The richest European economy - Germany - imposed massive suffering onto 
one of the poorest economies in Europe. This was to help defray three 
huge costs associated with the 2008 global capitalist crash for which 
Greece, a tiny country, bore minimal responsibility. The first cost was 
a badly imbalanced eurozone economy leading to 2008. German exports (at 
carefully managed prices lower than elsewhere in Europe) were financed 
then by excessive German private bank loans to Greeks and others who 
purchased those German exports (at the expense of their own countries' 
producers) while accumulating excess debts. The second cost was the 
crash itself that brought Greece severe unemployment and economic 
contraction as revenues from tourism and shipping collapsed. The third 
cost was the bailout of European (including Greek) private banks and 
Merkel's maneuver to forcibly convert Greek government debt to private 
banks into debt owed to the institutions. Denying Greece massive debt 
relief meant and means heavy austerity.

Alongside the Greeks, many other Europeans now grasp what awaits them 
too in the "unified Europe" that German leaders are constructing and 
using.

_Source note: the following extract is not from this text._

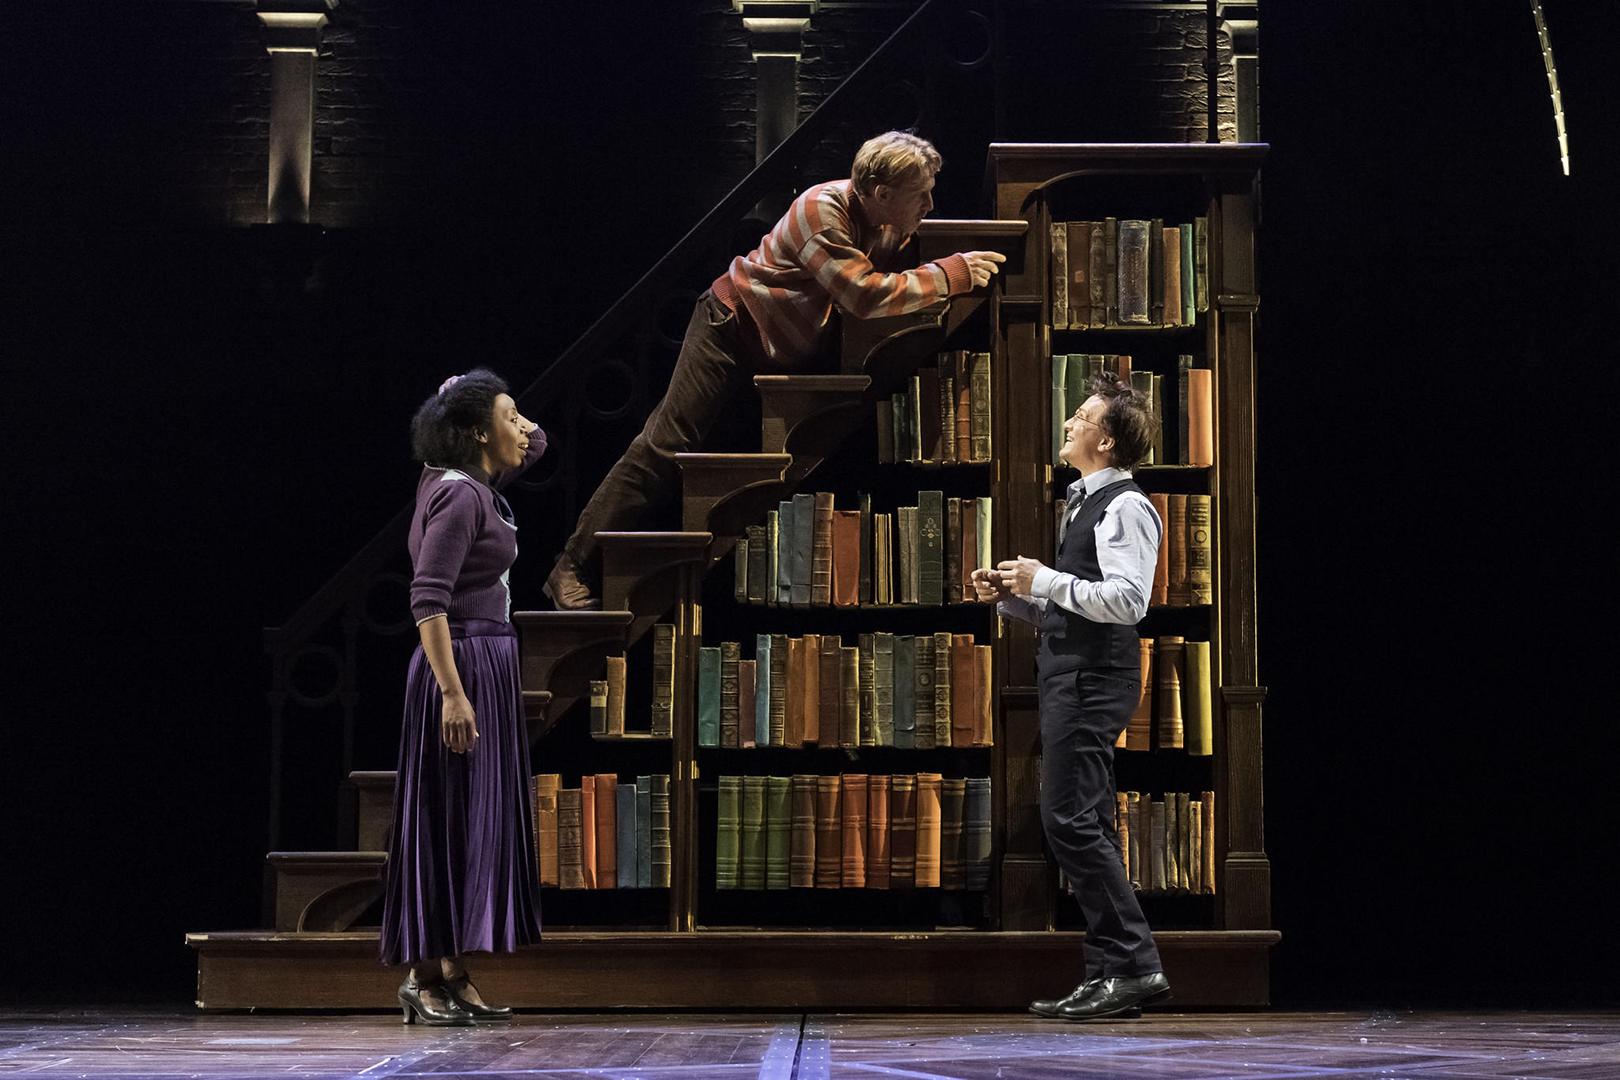 Hermione, Rony e Harry em frente a uma estante de livros.

Yet the Portuguese, Irish, Spanish, Italian and other poorer 
(relative to Germany and France) people want a differently unified 
Europe. With troubling historical echoes, German leaders once again seek 
to force a particular kind of capitalist unity onto Europe. The weapons 
this time are economic and political instead of military, but they too 
provoke resistance. Europe risks severe divisions and disunity with 
serious ramifications for the world.

Echoes of Past German Economic Imperialism

In the second half of the 19th century, private capitalists in the 
smaller states that would later become Germany confronted major 
problems. Those states' politics and cultures still reflected a 
feudalism that resented and often undermined capitalists. The latter 
faced tough competition from other, more advanced capitalists and 
especially the British who dominated world trade. Germany came late to 
colonialism and kept encountering obstacles from competing colonial 
regimes, above all the British. Capitalists in what became Germany were 
also discovering a new and growing threat from their own employees. The 
latter articulated an anti-capitalism from below that envisioned and 
pursued an alternative, socialist future without private capitalists in it.

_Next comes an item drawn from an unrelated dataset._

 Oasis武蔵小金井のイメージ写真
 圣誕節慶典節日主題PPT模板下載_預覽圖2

The "solution" fashioned by their leader then, Otto von Bismarck, 
mobilized government support for the growth of German capitalism. 

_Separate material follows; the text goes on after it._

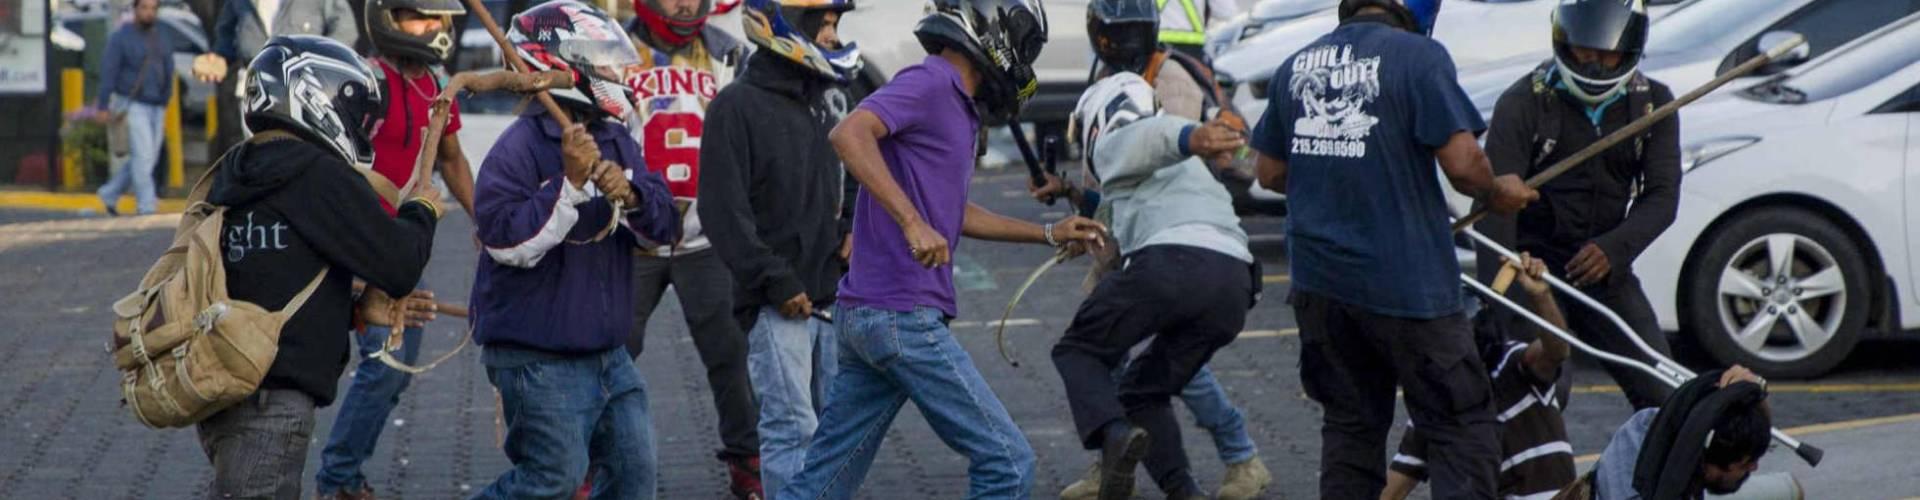 Agreden periodistas cubrían protesta

Bismarck allied that policy with selective reinforcements of the 
remaining Prussian and wider German feudalism to build a strong 
governing coalition. On that basis he sought to blunt the growing 
socialist workers' movements by constructing the first modern welfare 
state apparatus. Finally, he forcefully projected a new German 
colonialism as a major player within capitalism's global imperialist 
expansion. Holding together this complex set of policies was the glue of 
intense German nationalism mobilized by Bismarck's wars to unify the 
diverse smaller sovereignties into one German nation. Yet those wars had 
other, contradictory effects, including the Paris Commune, which gave a 
powerful stimulus to socialism and socialists everywhere.